Ecological coral reef restoration

Methods that restore ecosystem function and services.

Upwellings.

Upwellings are a natural process that bring cool, clean, nutrient rich water from the deep to the surface waters. Reefs near upwellings tend to be far healthier and more resilient than nearby reefs that aren’t in contact with upwelled water. We can simulate upwellings with underwater pumps that help reduce temperatures, deliver nutritional subsidies that increase resilience, and reduce the incidence of disease.

Nutritional supplements.

Many reef organisms, including corals, suffer from thermal and other anthropogenic stress, which disrupts metabolic processes and requires additional energy to maintain health. Reefs with greater availability of food sources are better able to cope with changes in the environment. Supplementing reefs with extra nutrition gives organisms more energy to withstand change, improving their overall resilience to anthropogenic stress.

Soundscaping.

The role of acoustic cues in larval settlement of reef organisms is now well established, and these may play a role in maintaining communities more generally. By playing the sounds of healthy reefs underwater, scientists have been able to encourage larvae to settle on degraded reefs, potentially increasing their populations without any other intervention.

Transplantation.

Promising new studies found that rearing corals on a healthy reef and transplanting them to a degraded reef produced higher invertebrate and healthy bacterial biodiversity with reduced physiological stress in the transplanted corals. Transplanting reef organisms from healthy reefs to degraded reefs can help improve the health and resilience of corals and coral-dependent organisms, and potentially nearby organisms as well.

Enhanced fertilization.

Enhancing fertilization by collecting coral gametes, allowing them to fertilize while in their native environment until they are functional larvae, and releasing them onto reefs has been shown to increase settlement rates by 100x. This approach drastically improves the odds of repopulation, and may also provide the benefits of transplantation as corals from healthy reefs can improve the health of their surroundings.

Reef connectors.

Many reef organism larvae spend time in the water column looking for a place to settle and grow, and this is a key process in preserving and expanding ranges and genetic diversity. Longer distances between reefs reduce the potential for larvae to settle on nearby reefs, especially when the density of organisms has decreased from mortality, reducing the potential for these processes to occur. By creating artificial reefs that connect distant patches of reefs, we can encourage the genetic movement of larvae, helping to repopulate and expand the ranges of healthy organisms.

Traditional methods.

The best methods to apply to any given vulnerable reef depends entirely on the traits and dynamics of that reef, and the resources that are available for restoration. While we aim to optimize for implementation efficiency to maximize positive impact, in some cases, labor intensive approaches to counteract anthropogenic effects like removing algal overgrowth and culling invasive (e.g. lionfish) or harmful species (Crown of Thorns starfish) are the most effective choice.

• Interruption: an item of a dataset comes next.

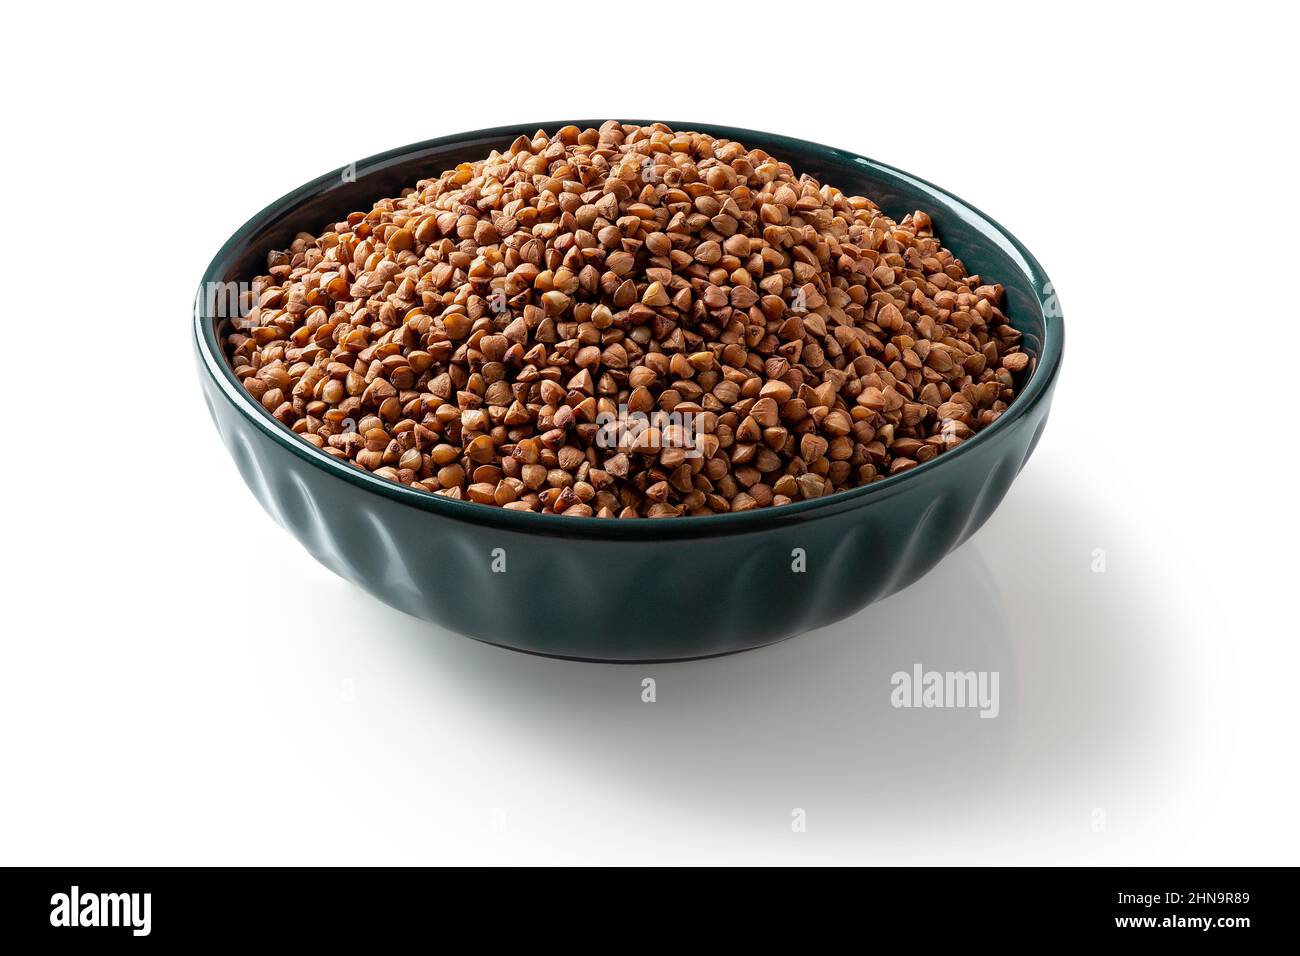 Raw wholegrain buckwheat groats in a blue bowl isolated on a white background. Roasted organic buckwheat grains for gluten free diet. Vegetarian food. Stock Photo

In cases where physical damage has occurred to reefs, outplanting corals can be useful, but requires care to preserve genetic diversity and resilience to multiple stressors. Artificial reef structures can also provide habitat complexity to encourage natural settlement and recruitment in areas where physical damage has occurred, but if systemic stress caused degradation to begin with, neither of these approaches will meaningfully restore reefs. Preserving natural resilience should be the primary objective of these activities, and they should be monitored long-term to ensure that natural patterns of succession and survivorship are conserved.

In all cases, controlling land-based wastewater, runoff, and pollution should be a cornerstone of any restoration program. As these developments are incredibly financially, logistically, and bureaucratically complex, we understand that it may not always be a feasible starting place for restoration. Wherever possible, our projects will provide support for reducing the amount of polluted water that reaches reefs.

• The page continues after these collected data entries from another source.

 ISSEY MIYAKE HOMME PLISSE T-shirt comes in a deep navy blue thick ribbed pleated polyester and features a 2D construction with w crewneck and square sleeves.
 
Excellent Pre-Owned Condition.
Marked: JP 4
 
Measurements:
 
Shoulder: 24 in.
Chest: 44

Lastly, expanding and increasing protections for Marine Protected Areas (MPAs) that reduce human pressure on reefs, particularly for fishing, and which are properly enforced, are an essential tool for the long-term conservation of coral reefs. We will support the formation and expansion of MPAs through the lens of environmental justice, for and with the communities whose livelihoods and sense of well-being depend on the health of their reefs.